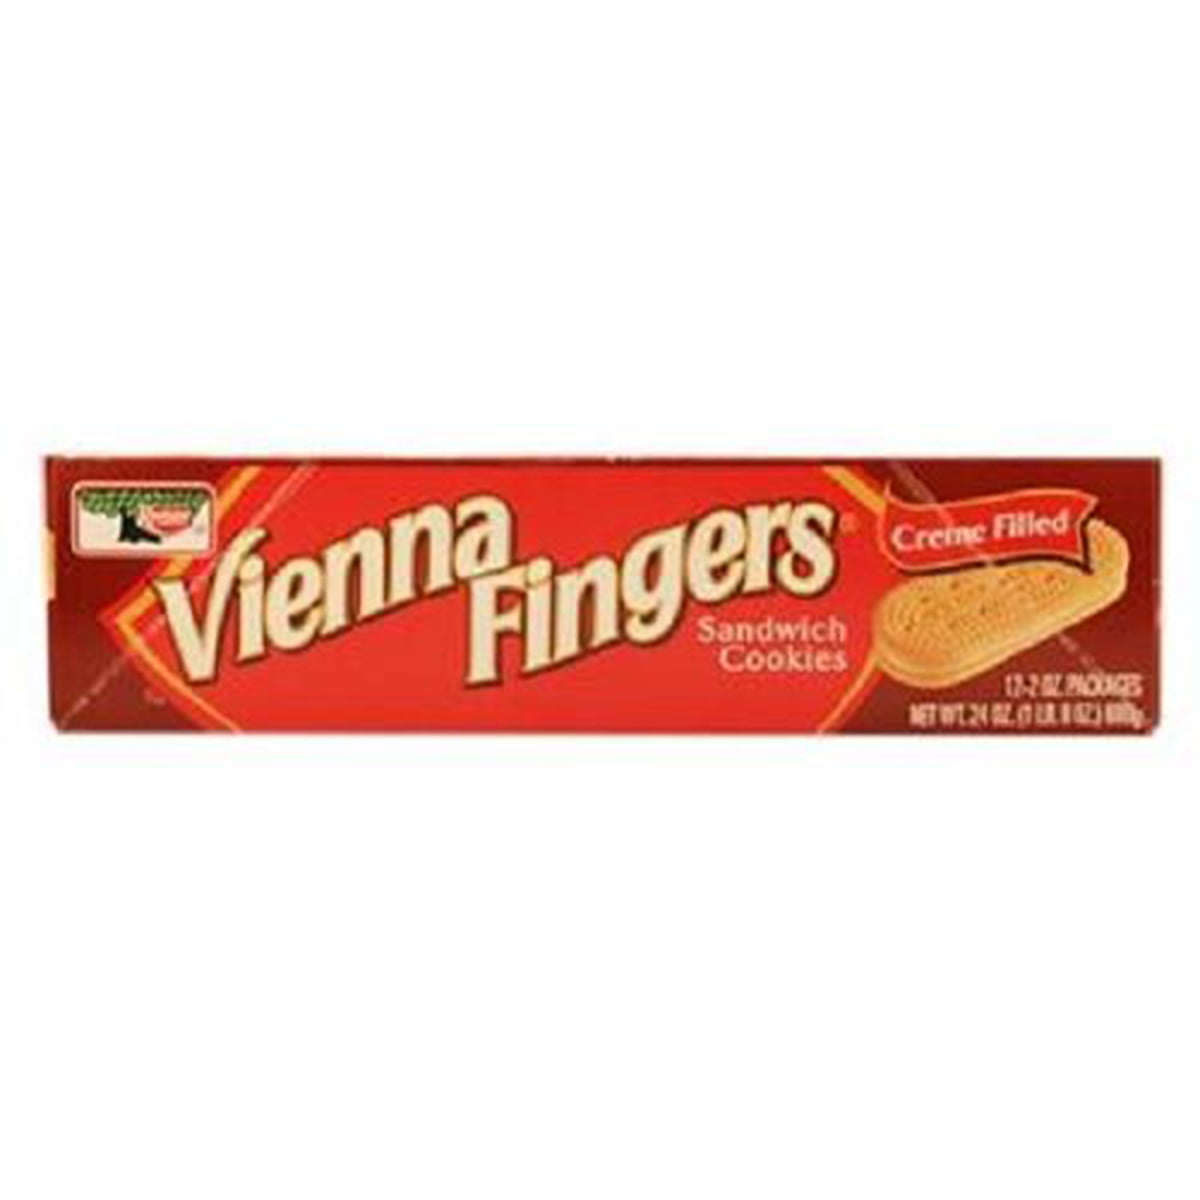 vienna fingers cookies
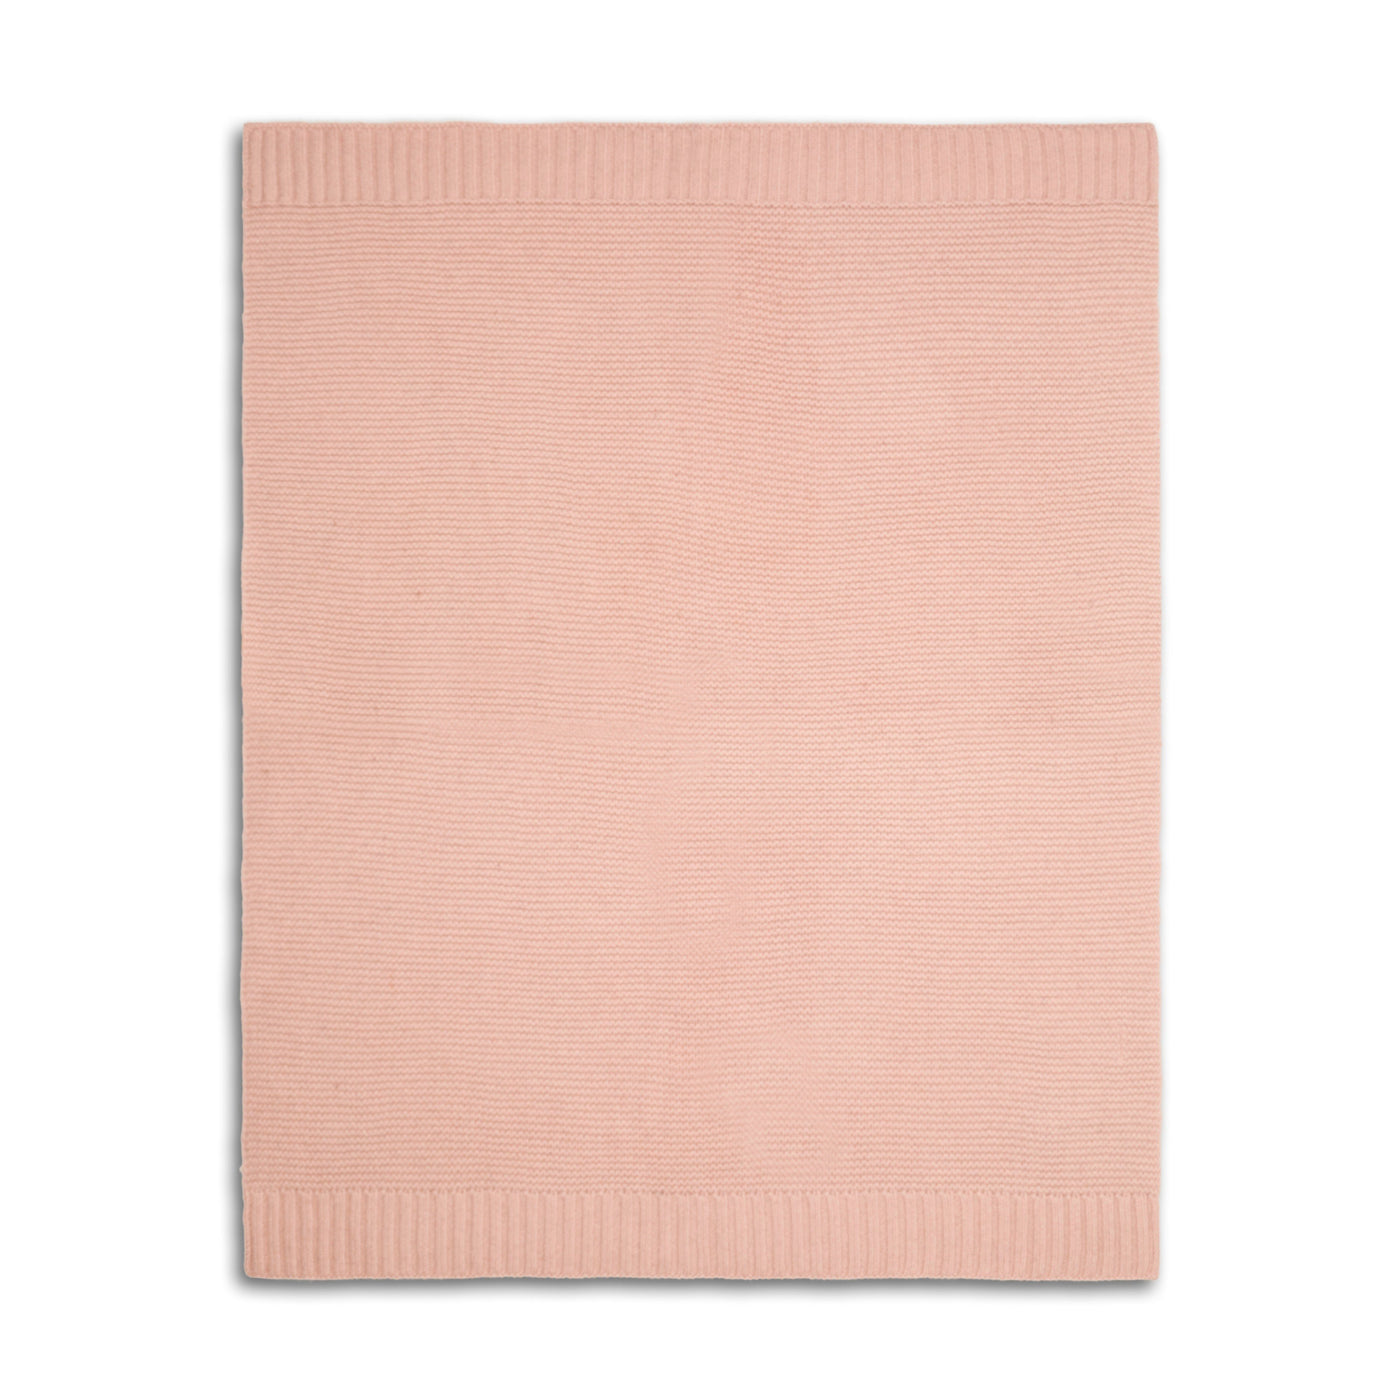 Blanket#1 Pink blush
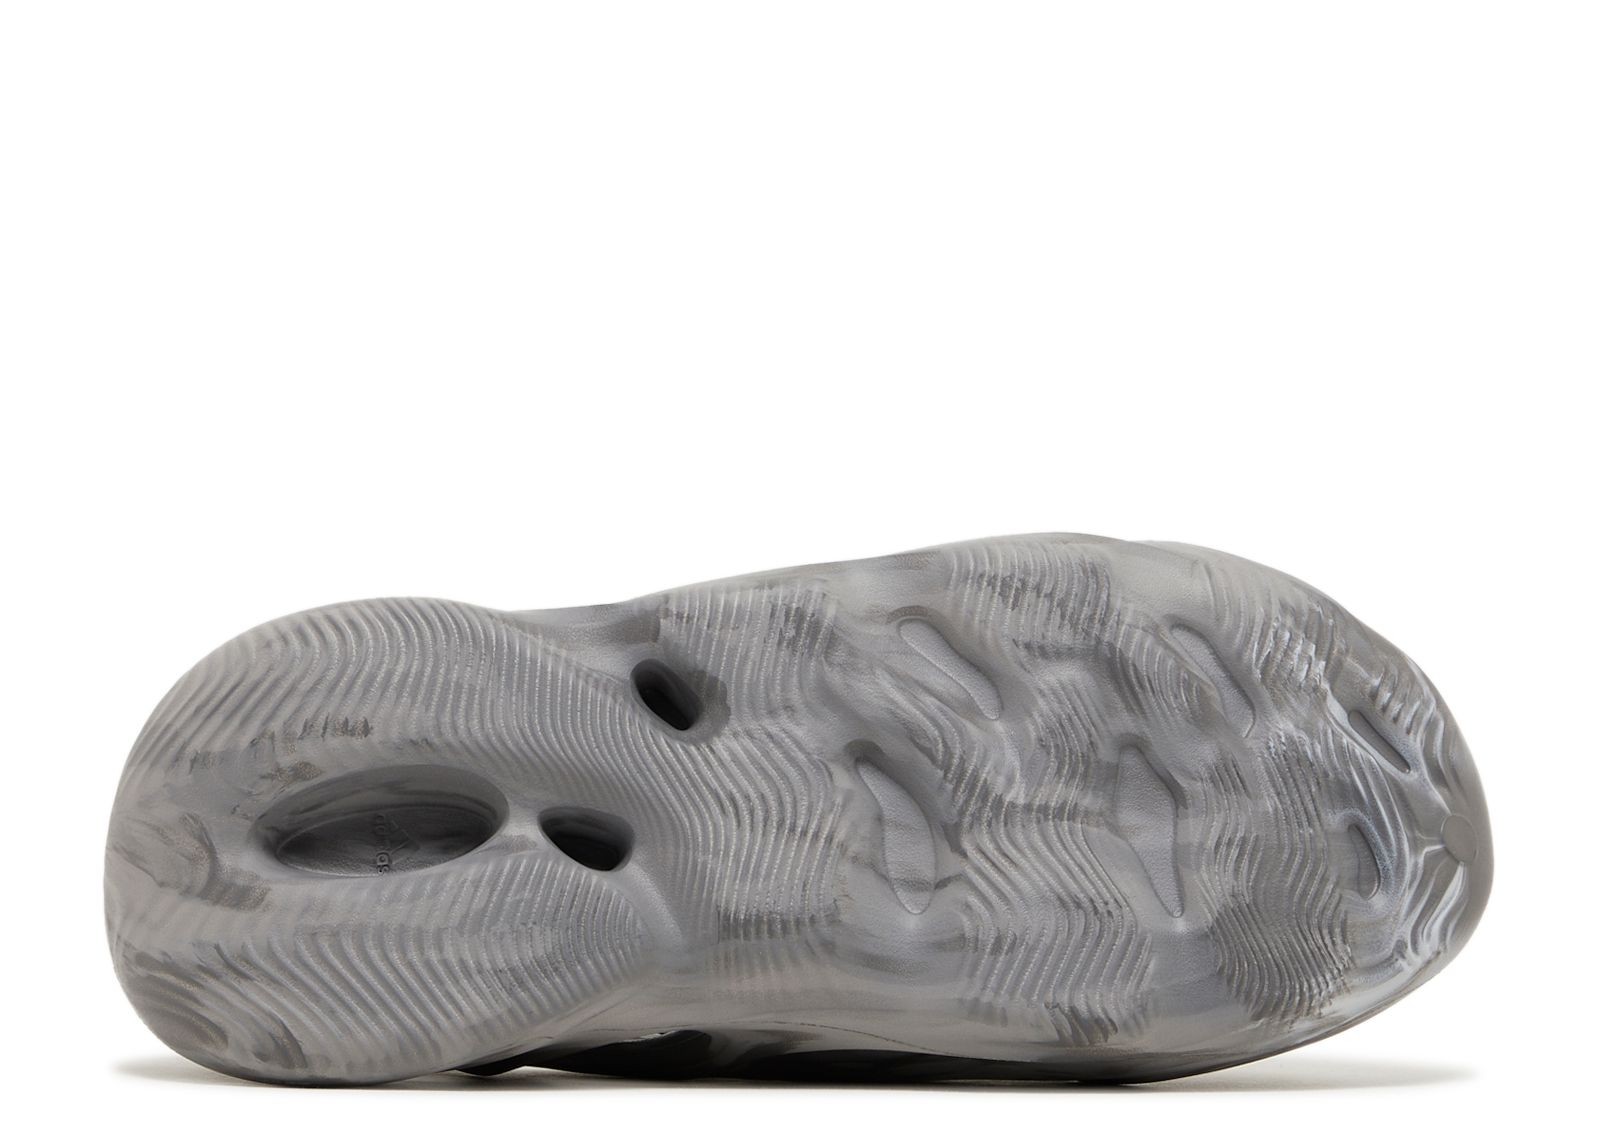 Yeezy Foam Runner MX Granite Grey Mens Multi Sizes IE4931 Rare
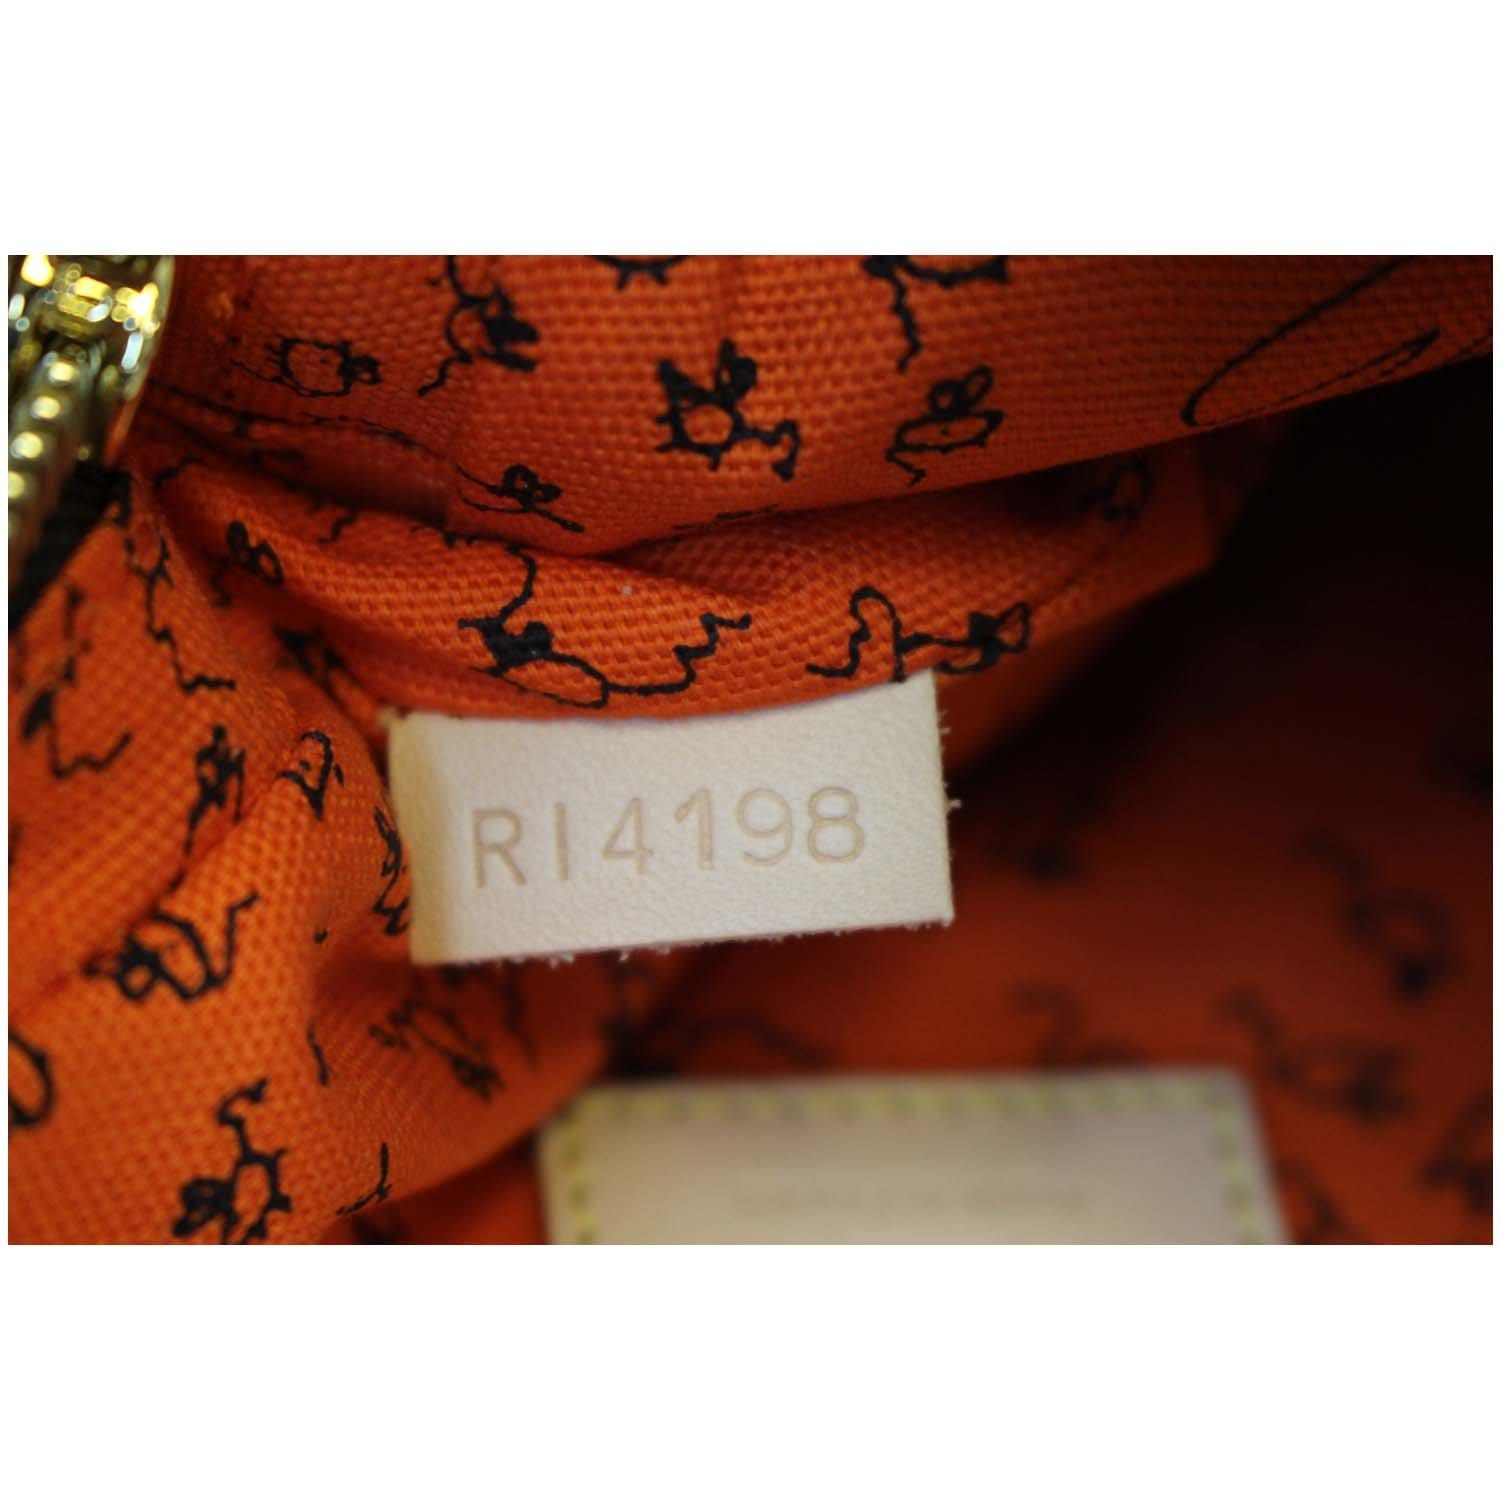 Louis Vuitton Paname Bag Set Limited Edition Grace Coddington

* * *

**WORK REQUIRED**
Would you retype each line above exactly and skip every image?

**TASK SOLUTION**
 vienna fingers cookies
 Blanket#1 Pink blush
 Yeezy Foam Runner MX Granite Grey Mens Multi Sizes IE4931 Rare
 Louis Vuitton Paname Bag Set Limited Edition Grace Coddington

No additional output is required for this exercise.